L’équipe n’a trouvé aucun effet de groupe significatif pour les essais d’apprentissage, les répétitions de mots, les intrusions ou les tâches de mémoire de travail visuelle. Le groupe placebo a surpassé le groupe fenfluramine, mais de manière non statistiquement significative. Le sexe n’avait aucune influence sur les effets de l’administration de fenfluramine sur l’exécution des tâches.

Diplôme

L’étude a révélé que l’augmentation de la sérotonine synaptique influence directement le comportement humain et influence la prise de décision dans des circonstances désagréables et neutres. Une sérotonine plus élevée réduit la sensibilité aux conséquences de la perte et améliore le contrôle des impulsions lors de l'inhibition comportementale dans des situations défavorables. Une sérotonine plus élevée améliore l'inhibition comportementale en favorisant une prise de décision prudente et la rétention de la mémoire dans des conditions neutres.
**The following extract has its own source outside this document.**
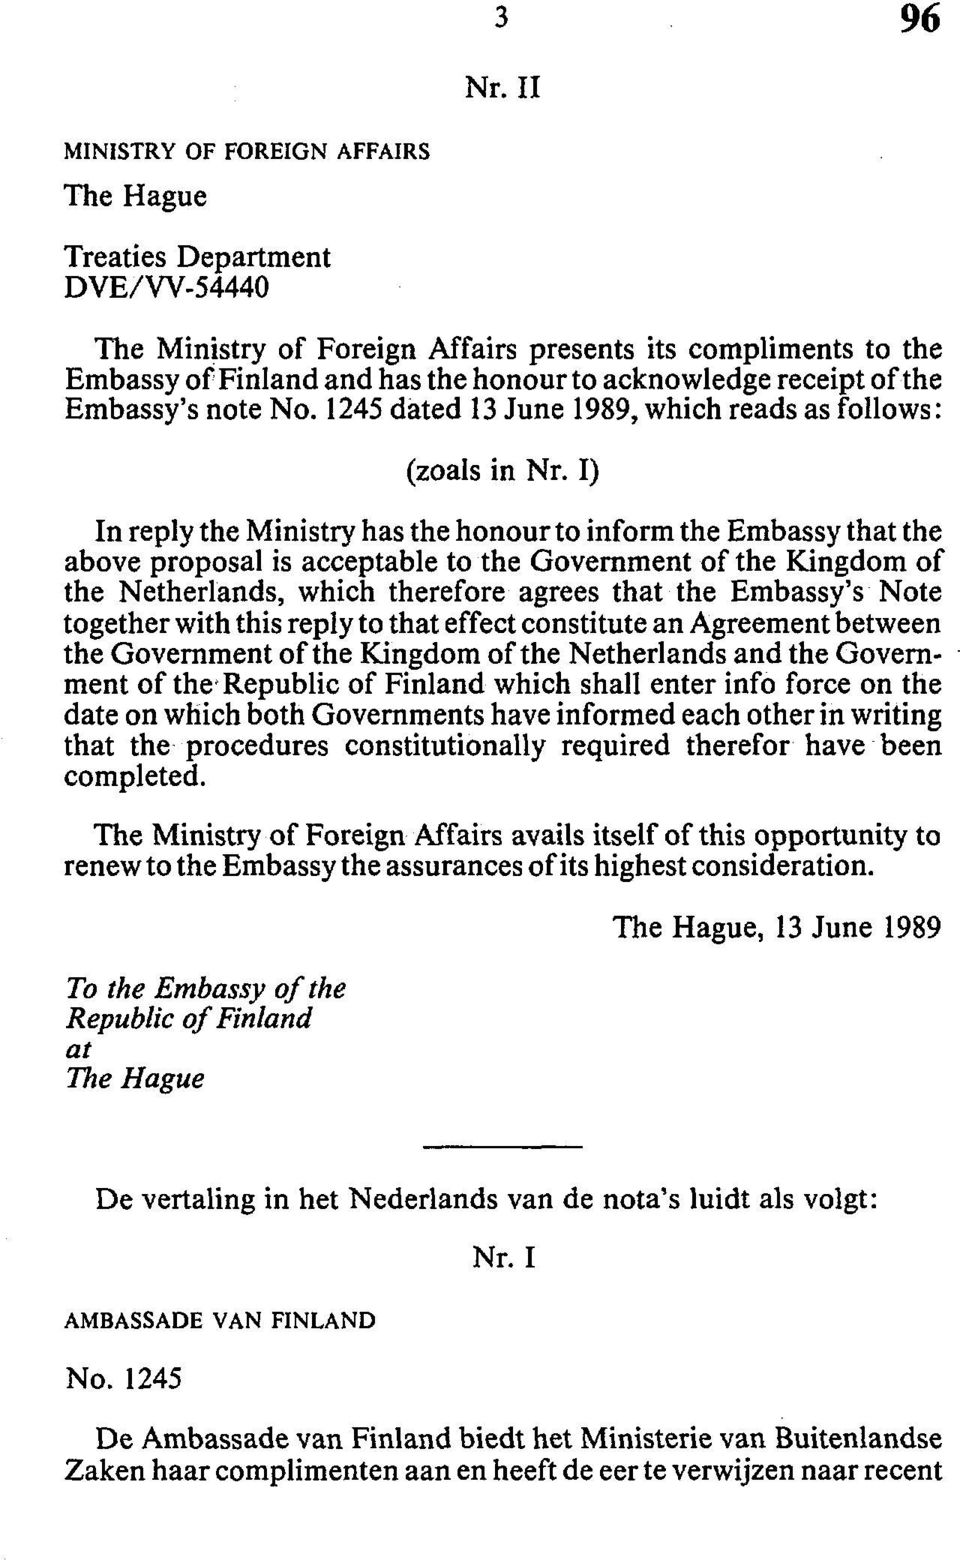 I) In reply the Ministry has the honour to inform the Embassy that the above proposal is acceptable to the Government of the Kingdom of the Netherlands, which therefore agrees that the Embassy's Note

Les résultats de l’étude ont des implications pour les hypothèses sur la fonction centrale de la sérotonine et mettent en évidence le potentiel du SSRA en tant que sonde expérimentale. Explorer son potentiel thérapeutique pourrait nous aider à mieux comprendre l’implication de la sérotonine dans le comportement humain et l’étiologie mentale.